Sunday, September 27, 2009


Community Mapping Excercise...
We divided the men and women into two groups to draw what they found important in their community...the women drew the casas, schools, churches...the men drew farm fields and colmados. Hmmmm


Intensive Community Based Training in a remote campo with five other American camperos (Loud merengue booming from the colmado but no lights in the casa. Bucket baths and muddy streets...). The scenario invites itself to a bit of the loca.

Mellizas, Viveres, Pajaros


Viveres


…the mountains of yucca, platano, gineo and potato that fill our plates three meals a day is beyond words. I’ve seriously dreamt about saving them up in a bucket for a day when I finally construct a vivere gun to propel starchy boiled vegetables across the charco (waterfall) above our village (I don't think that would translate as an appropriate form of cross-cultural exchange).


Pajaro


To start with, words are over-rated. In the campo, general grunts and “Awepa!” retorts are appropriate for general conversation. Hand signals cover another 40 percent. And verbal conversation generally fluctuates around the quality and type of food and the weather. Sitting together in silence is just another way to compartir (share). Another form of indirect communication, the more viveres a Doña feeds you, the more she loves you.

So onto pajaro. The original meaning of the word being a parrot, however in the campo the word takes on a life of its own (and I should note that its true across the Dominican…) A pajaro can be a derogatory name for a homosexual, a name for a tiguere (bad boy) or a saucy chica.
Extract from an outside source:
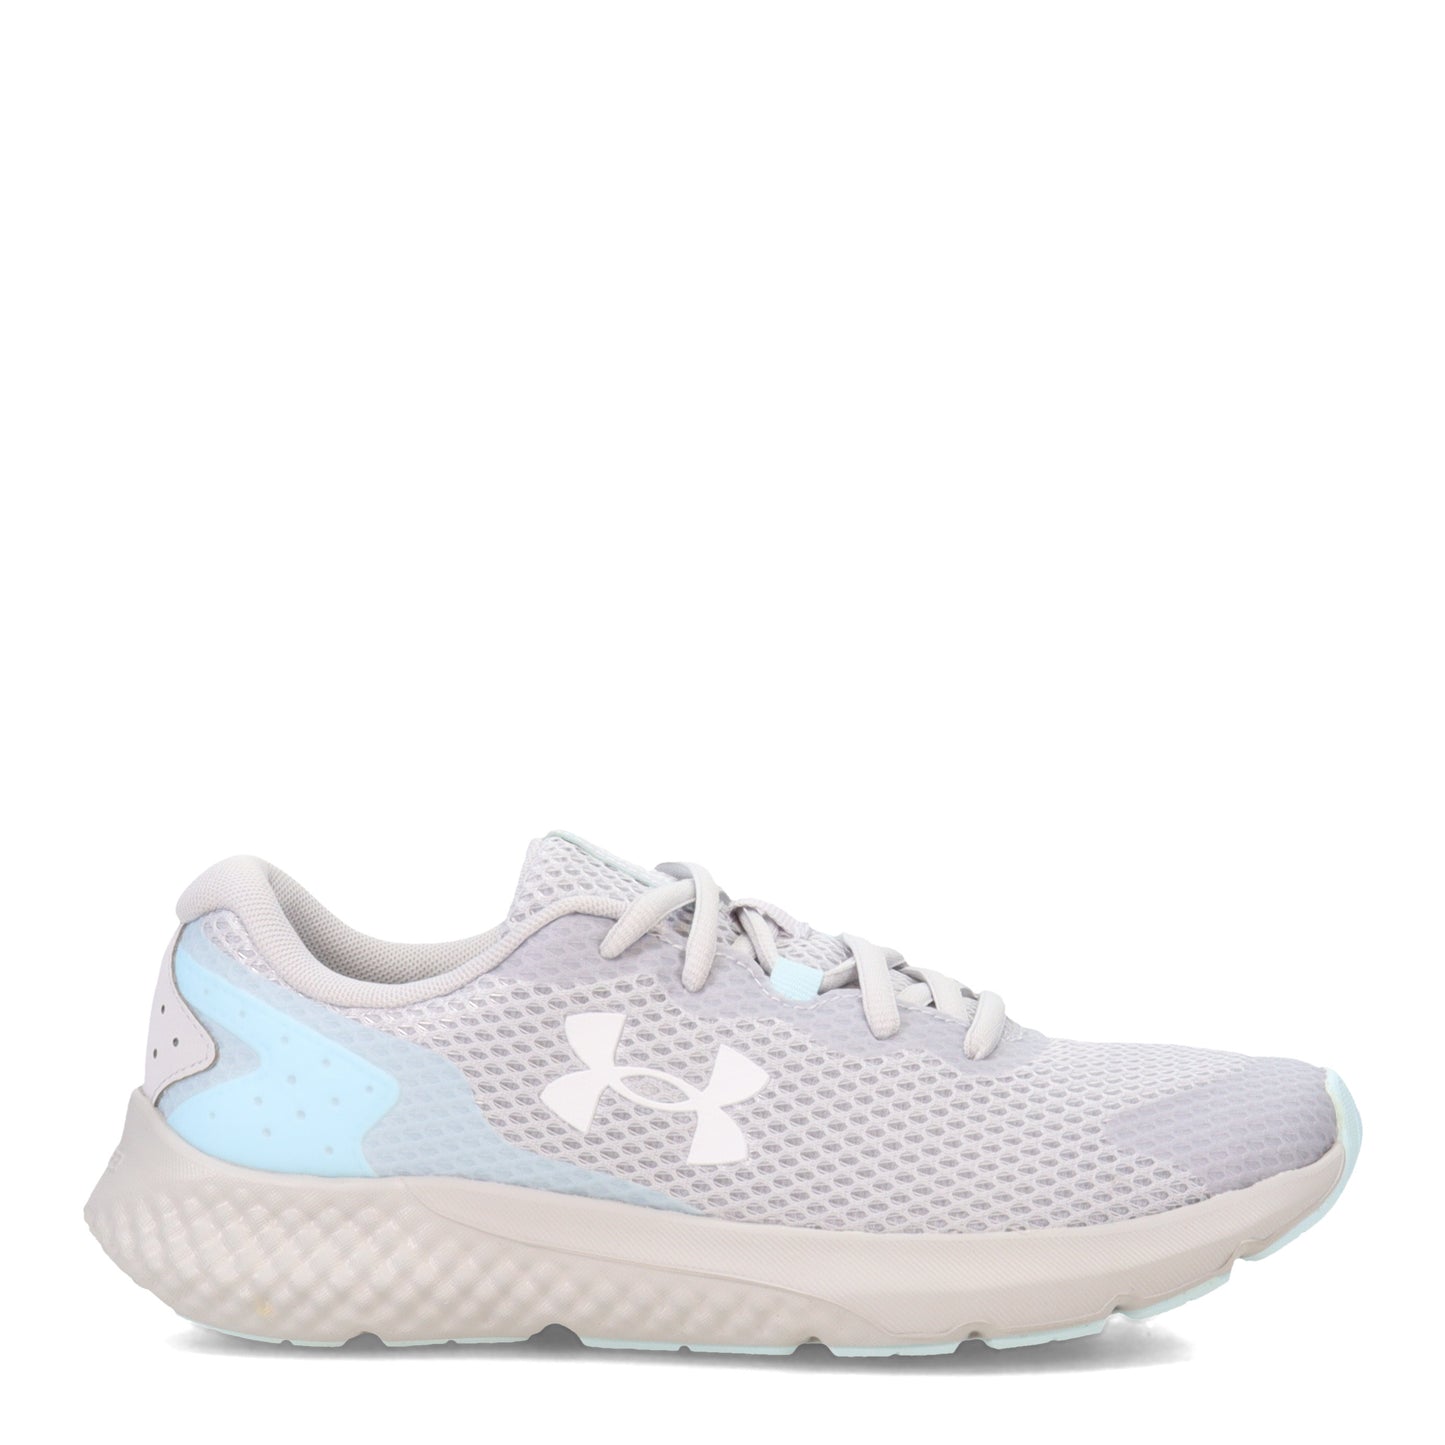 Peltz Shoes  Women's Under Armour Charged Rogue 3 Running Shoe HALO GRAY 3024888-108

Well, as one of the water volunteers, Gabe, sat together with his doña in relative silence, one evening, the dona suddenly retorted “que pajaro tiguere” gesturing with her lips (another characteristic Dominican gesture). Gabe was a bit bewildered. Where was the parrot in the house? And what was she pointing at? He quickly realized she was yelling at a rat. So goes it. Cockroaches, tigueres, rats, parrots, you name it, it’s a pajaro.


Mellizas
.

Campo living is pretty slim pickings in the mujer department. In our little pueblo of Mancebo with about 90 inhabitants we’re working with about 2/3 male population (largely comprised of Hatain migratory workers). And since women in the campo are married off at age 16, there are really no single chicas to speak of. Needless to say, Jen and I, the two women water trainees, are hot commodities.
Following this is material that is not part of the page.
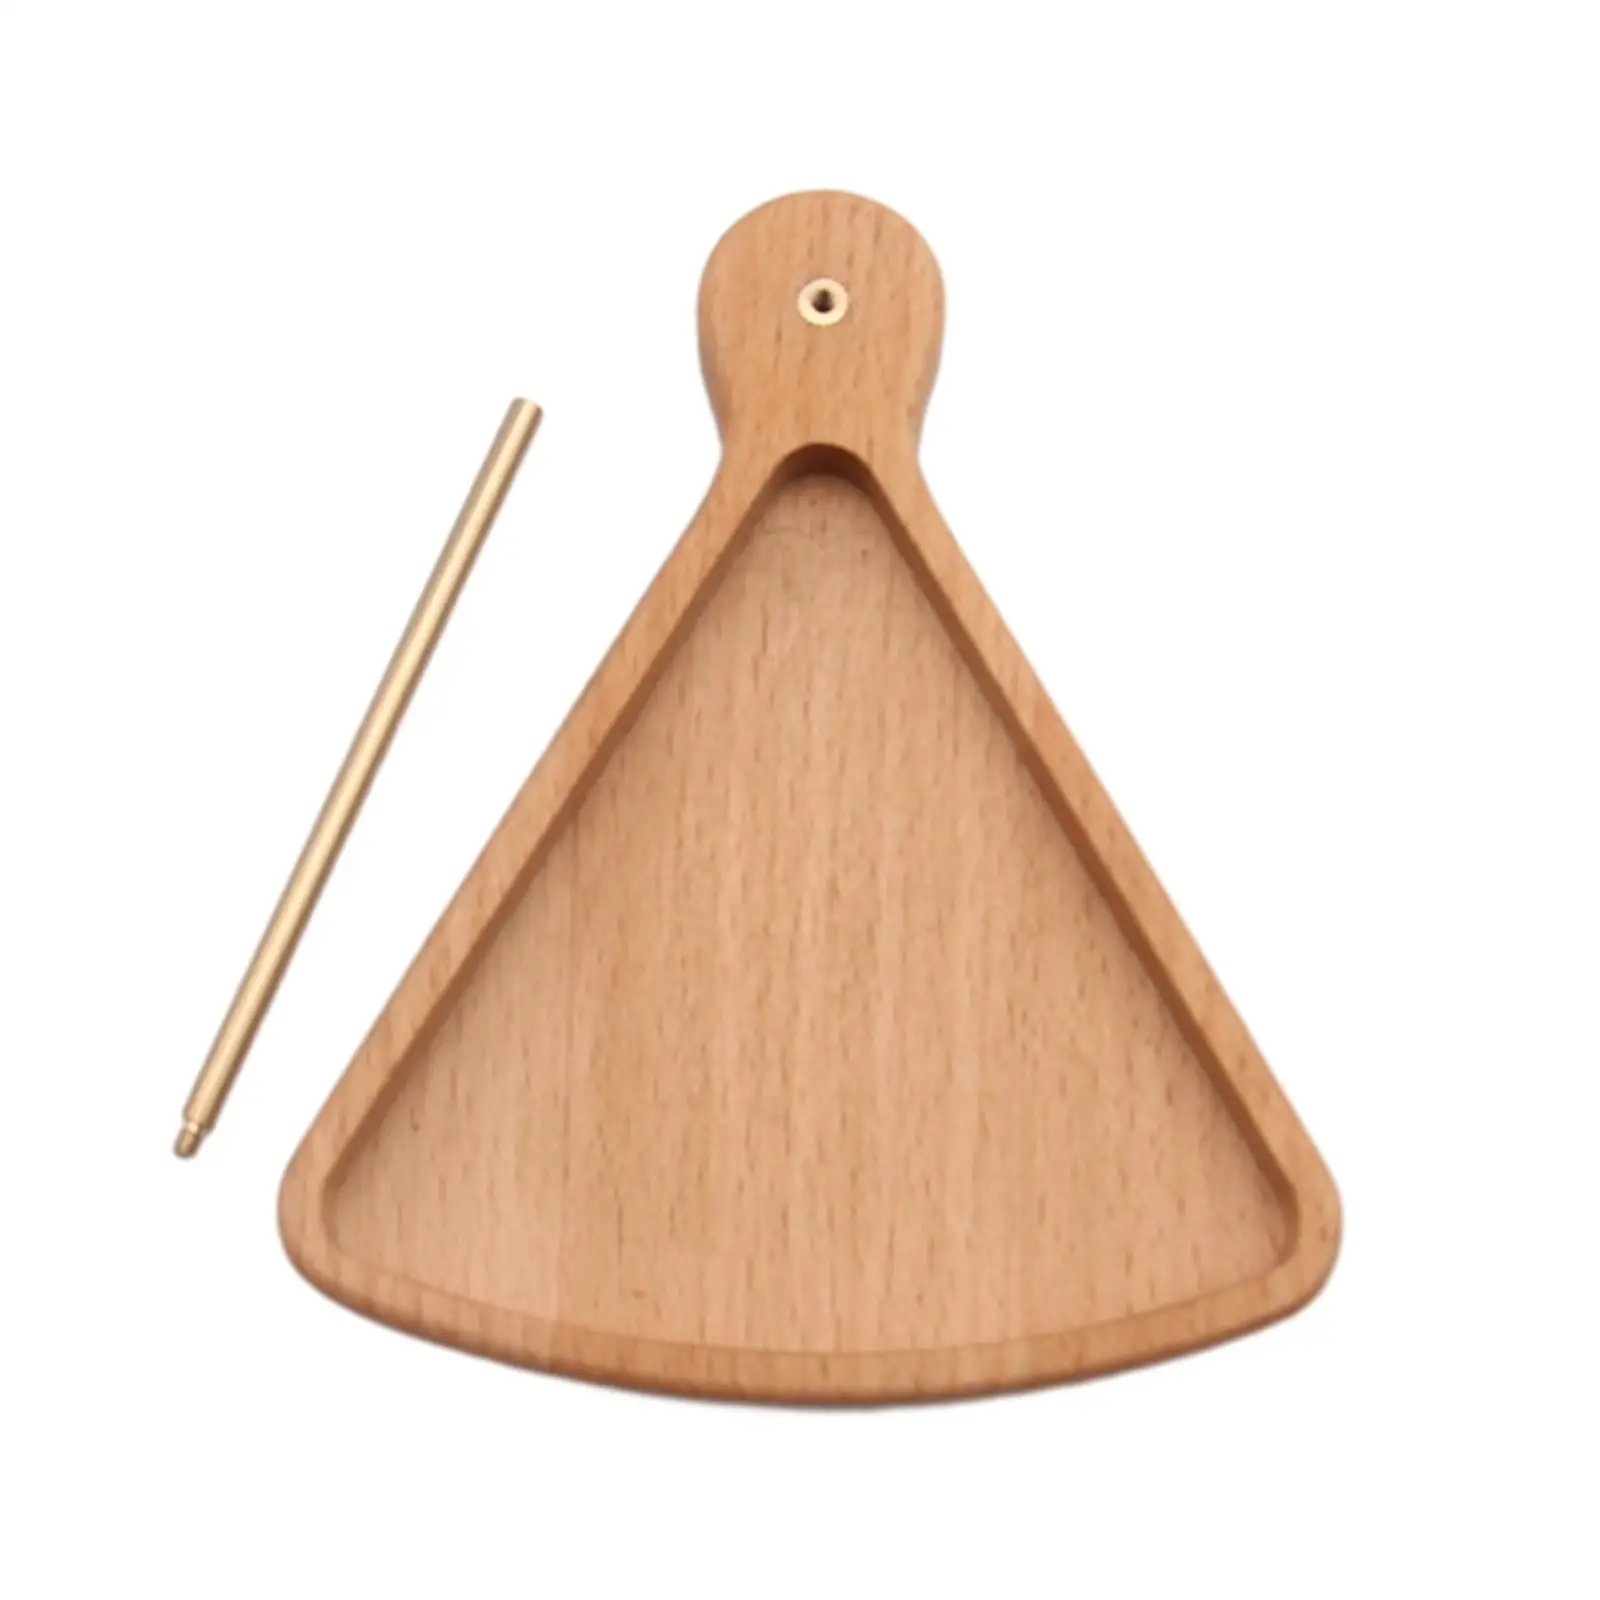 Embroidery Thread Holder Wood Gift for Crafts Lover Accessories Threading Holder for Adults Sewing Crocheting Home String Ball

With that said, the story of the beautiful mellizas (twins) has been passed down the Peace Corps chain from volunteer to trainee for what’s going on more than three years now. Who is gonna get with the mellizas? For our group its been a chronic topic of conversation (although we’ve only caught glimpses of her from the back of a pick-up as we drive through the neighboring village).

We decided to start a bit of chisme with the other Peace Corps trainee groups, mailing hand-written letters about the fate of two water trainees, Duncan and Justin. Duncan, on the edge of quitting PC for good, just up and leaves Mancebo on the back of a pick-up to destination unknown…a week later he returns on a burro with a melliza. “She changed my life”. Inspired, Justin decides he needs a melliza and thus goes out to win the other mellizas heart . They quickly discover that they are dating the same melliza and decide to stick-it-out and “share” for the rest.

The chisme letter wraps up with my compañeros going to look for me in the latrine and actually finding me in the latrine. And then us rescuing Gabe after a suicide attempt with his mosquitero net (one too many viveres).


So goes the campo.

Brindis!

Thursday, September 10, 2009


Dominoes in the Plaza de Colon.


Street Vendor making cane juice. He pushes the sugar cane through a press to squeeze out the juice, slips in some lime and ice and voila! muy rica!


La Colorada...I visited a one-year water volunteer at her site in the North. Here she is walking with her homestay sister on the back-40.

Five weeks of Community Based Training (CBT) start today!

Wednesday, September 2, 2009

Tuesday, our trainee group appreciated a special visit from the new Peace Corps Director, Aaron S. Williams! He was sworn in just this past August. Fun fact: Aaron served in the Dominican Republic in Monte Plata back in the '60s and met his wife, a Dominican, while in service.



New Surroundings...



Views from my homestay in el barrio de Los Angeles...My Doña makes a delicious juice squeezed from the fruits!

Local pollo butcher in Los Angeles

Girl walking to a photo shoot for her Quinceañera(15th birthday bash) in the Botanical Garden, Santo Domingo.